0

I have a simple time series and I have a code implementing the moving average:

import numpy as np
import matplotlib.pyplot as plt
import tensorflow as tf

keras = tf.keras

def plot_series(time, series, format="-", start=0, end=None, label=None):
    plt.plot(time[start:end], series[start:end], format, label=label)
    plt.xlabel("Time")
    plt.ylabel("Value")
    if label:
        plt.legend(fontsize=14)
    plt.grid(True)
    
def trend(time, slope=0):
    return slope * time

def seasonal_pattern(season_time):
    """Just an arbitrary pattern, you can change it if you wish"""
    return np.where(season_time < 0.4,
                    np.cos(season_time * 2 * np.pi),
                    1 / np.exp(3 * season_time))

def seasonality(time, period, amplitude=1, phase=0):
    """Repeats the same pattern at each period"""
    season_time = ((time + phase) % period) / period
    return amplitude * seasonal_pattern(season_time)

def white_noise(time, noise_level=1, seed=None):
    rnd = np.random.RandomState(seed)
    return rnd.randn(len(time)) * noise_level

time = np.arange(4 * 365 + 1)

slope = 0.05
baseline = 10
amplitude = 40
series = baseline + trend(time, slope) + seasonality(time, period=365, amplitude=amplitude)

noise_level = 5
noise = white_noise(time, noise_level, seed=42)

series += noise

plt.figure(figsize=(10, 6))
plot_series(time, series)
plt.show()

def moving_average_forecast(series, window_size):
  """Forecasts the mean of the last few values.
     If window_size=1, then this is equivalent to naive forecast"""
  forecast = []
  for time in range(len(series) - window_size):
    forecast.append(series[time:time + window_size].mean())
  return np.array(forecast)

split_time = 1000
time_train = time[:split_time]
x_train = series[:split_time]
time_valid = time[split_time:]
x_valid = series[split_time:]

moving_avg = moving_average_forecast(series, 30)[split_time - 30:]

plt.figure(figsize=(10, 6))
plot_series(time_valid, x_valid, label="Series")
plot_series(time_valid, moving_avg, label="Moving average (30 days)")

I am not getting this part:

for time in range(len(series) - window_size):
    forecast.append(series[time:time + window_size].mean())
  return np.array(forecast)

What I do not understand is how series[time:time + window_size] works? Window_size is given into the function and can be a value specifying how many days are considered to calculate the mean, like 5 or 30 days.

When I try something similiar to illustrate this to myself, like plot(series[time:time + 30]) this does not work.
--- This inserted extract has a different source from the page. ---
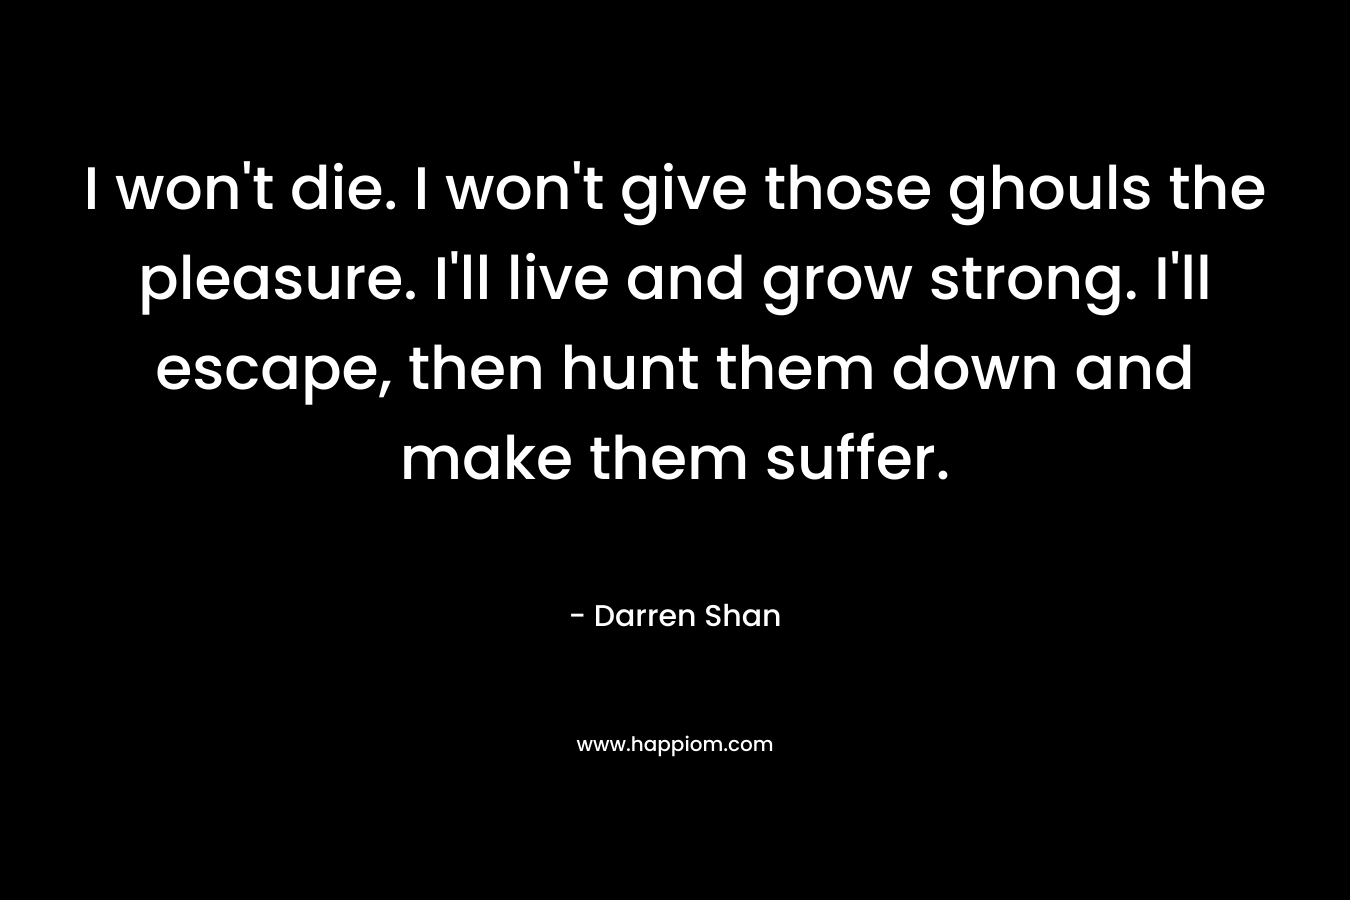 I won’t die. I won’t give those ghouls the pleasure. I’ll live and grow strong. I’ll escape, then hunt them down and make them suffer. – Darren Shan
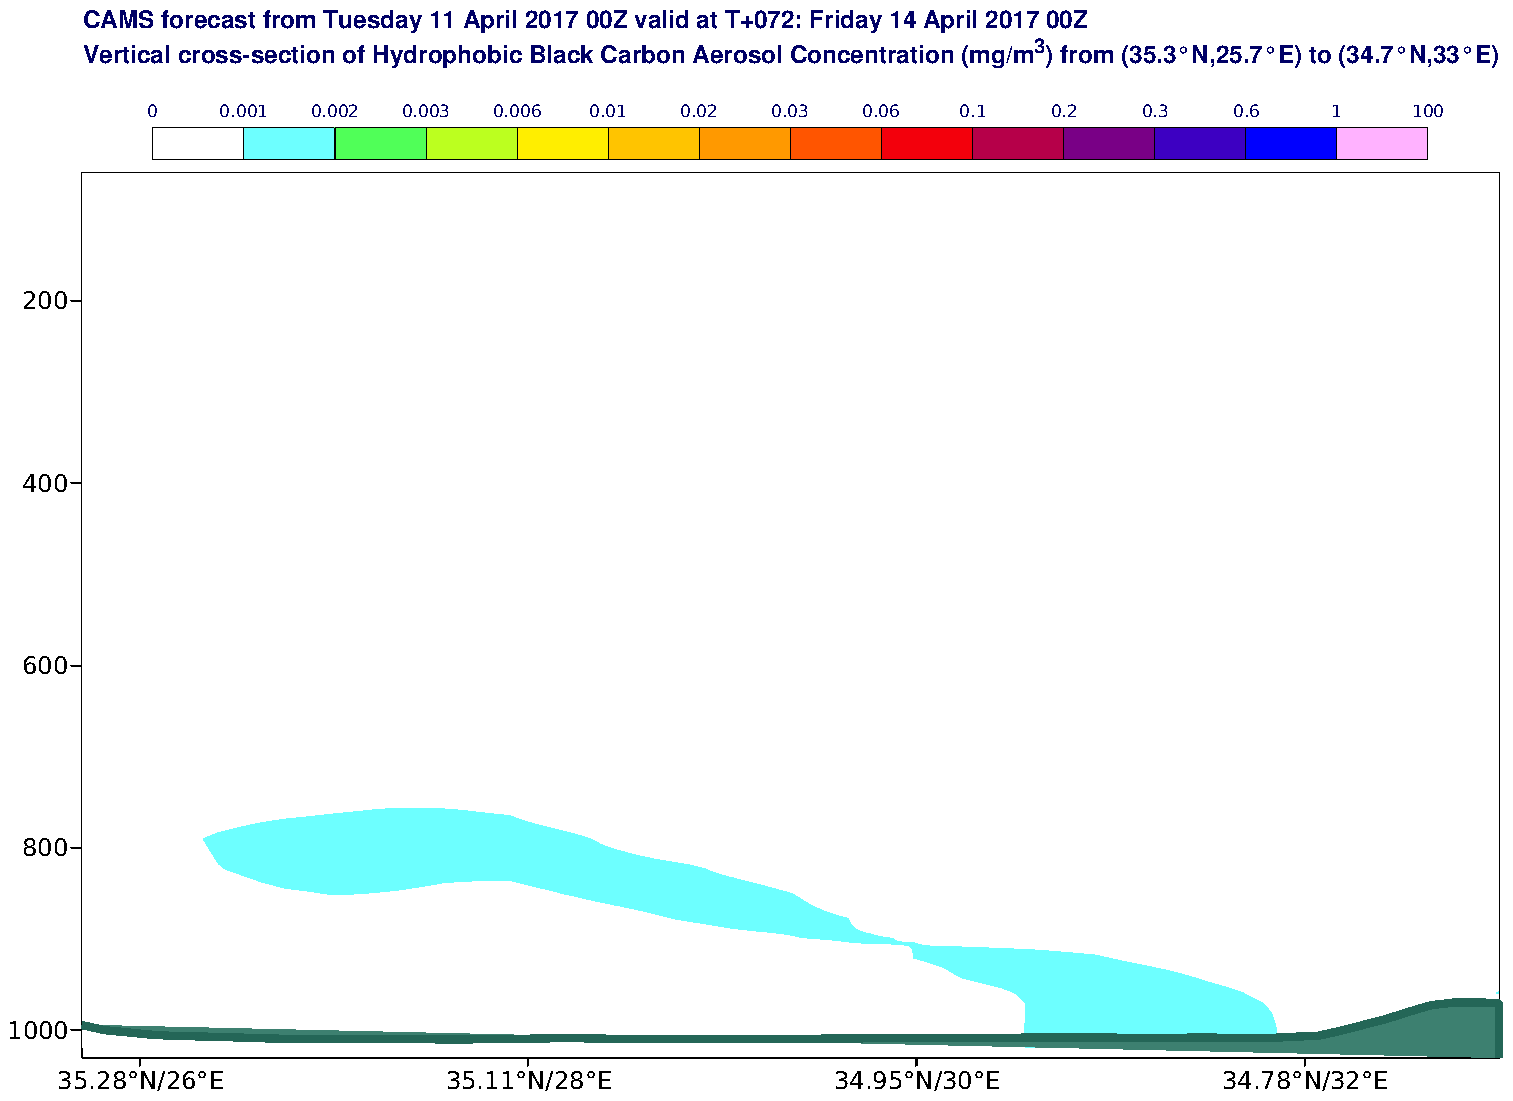 Vertical cross-section of Hydrophobic Black Carbon Aerosol Concentration (mg/m3) valid at T72 - 2017-04-14 00:00

Furthermore I do not get how len(series) - window_size) works.

Stat Tistician
  • 813
  • 5
  • 17
  • 45
  • Does this answer your question? [Moving average or running mean](https://stackoverflow.com/questions/13728392/moving-average-or-running-mean) – Joe Jun 26 '20 at 16:43
  • https://stackoverflow.com/questions/14313510/how-to-calculate-moving-average-using-numpy – Joe Jun 26 '20 at 16:43

2 Answers2

0

debug your code and add some print statements to see how it is responding Write them down and try to analyze the results Step back and write a similar code that reproduce the same output Compare if it is the same congrats if it is no then try to run again with timers on and see which one is faster. if your code is faster the congrats.

0

Seems like the function moving_average_forecast simply calculates the x day rolling average? If that is the intention then:

  • The line for time in range(len(series) - window_size): gives you the index time that goes from 0 to some number n where n + 1 is the number of rolling averages you can get out of a time series of size N (i.e. if you have 11 data points and want to calculate 10 day rolling averages, you can get at most 2, here N = 11 = len(series), window_size = 10, so n = 1 and time = [0, 1]
  • The line series[time:time + window_size] I think should actually be series[time:time + window_size - 1] simply index into your data contained in series and calculate each of the rolling averages (i.e. using our example earlier, in the first iteration time = 0, time + window_size - 1 = 9 so series[time:time + window_size - 1] returns an array with the first 10 data points and so on

Hope that helps.

Jimmy
  • 187
  • 7